Despite working as a prototype, the builder warns against active use because the vision analysis relies on GPT-4o via an API, which can transmit proprietary or private data. The project was initially intended to run fully locally, but performance and stability issues with local vision models forced a hybrid approach. Still, the result shows a feasible path toward a more privacy-preserving, local Recall-like system—provided a sufficiently strong open or local vision model becomes available.
Cornell Notes
The project builds a Recall-like workflow using three stages: screen capture, AI-based screenshot interpretation, and RAG-based retrieval. A script monitors pixel changes and only saves a new screenshot when the screen differs by at least 5%, reducing redundant captures. Each screenshot is sent to GPT-4o to extract key details—user actions and any visible URLs—and the system stores both the extracted text in a “history text” archive and the screenshot itself under an AI-generated, searchable filename. Later, local embeddings index the history text and Llama 3 retrieves the most relevant past events, returning the associated screenshot. This matters because it enables natural-language “search your past activity” with evidence, while also highlighting privacy tradeoffs when vision analysis uses an external API.

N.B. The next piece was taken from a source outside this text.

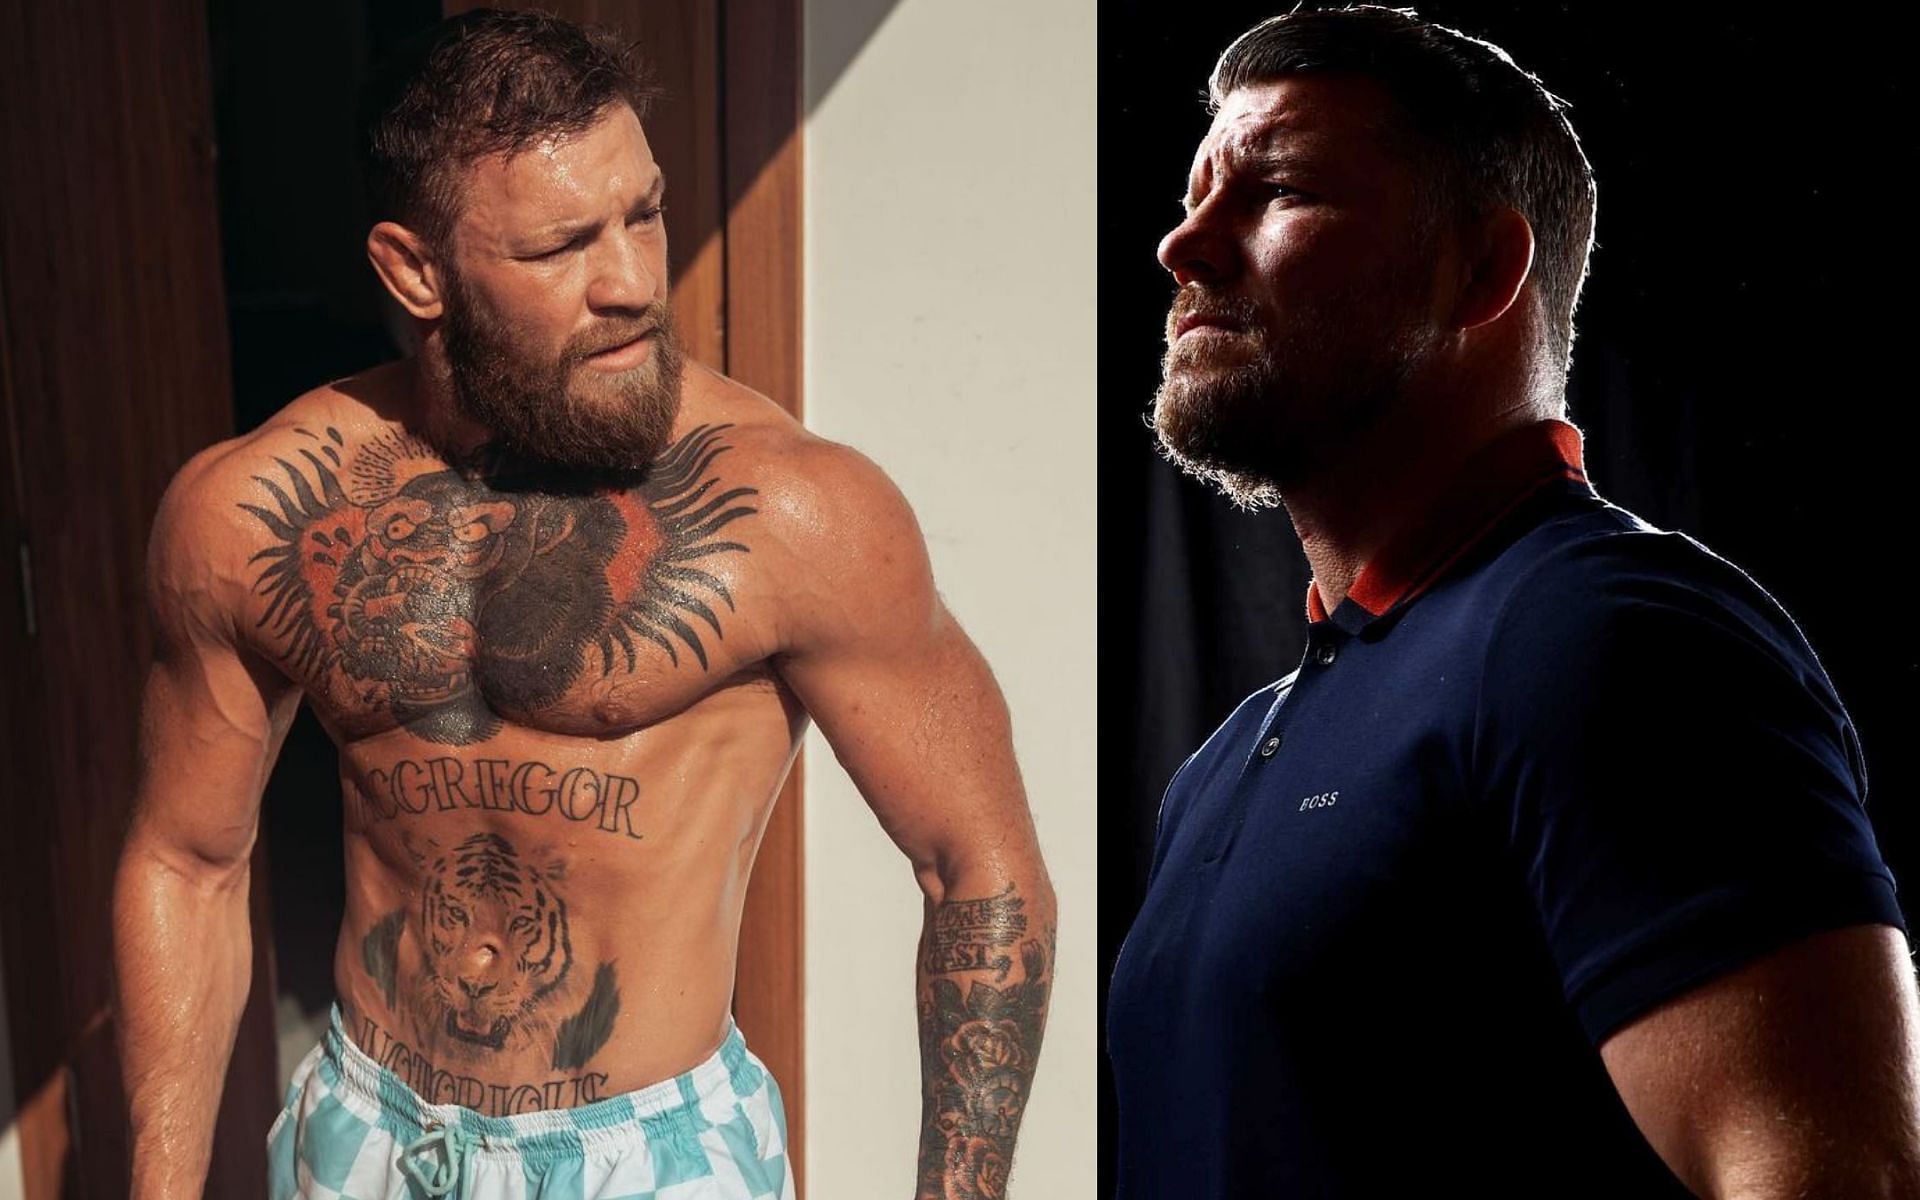 Conor McGregor (Right) and Michael Bisping (Right) [Images via: @thenotoriousmma and @mikebisping on Instagram]

How does the system decide when to capture a new screenshot instead of saving every frame?
What information gets extracted from each screenshot, and why is it useful for search?
How does the RAG phase connect a natural-language question to the correct screenshot?
Why chunk the extracted history text into ~1,000-character pieces?
What privacy concern limits practical use of this prototype?
Review Questions
- What threshold and method does the system use to trigger new screenshots, and what problem does that solve?
- How do the AI-generated screenshot filenames influence retrieval accuracy in the RAG search?
- Trace the data flow from a captured PNG to a user query returning the correct screenshot—what gets embedded and what gets retrieved?
Key Points
- 1
The system captures screenshots only when screen content changes by at least 5% in pixel difference, using OpenCV to reduce redundant saves.
- 2
GPT-4o extracts on-screen actions and visible URLs from each screenshot and appends the results to a searchable “history text” archive.
- 3
Each screenshot is saved with an AI-generated, concise filename derived from the extracted description to support keyword-based retrieval later.
- 4
RAG retrieval is built by embedding the history text with local embedding models and searching with Llama 3 to map questions to past events.
- 5
Chunking extracted history into ~1,000-character segments helps embedding and retrieval across long activity timelines.
- 6
The prototype works as a Recall-like evidence-and-search system, but active use is discouraged because vision analysis uses an external GPT-4o API.
- 7
A fully local version is the intended future direction, but local vision performance and stability issues prevented it in this build.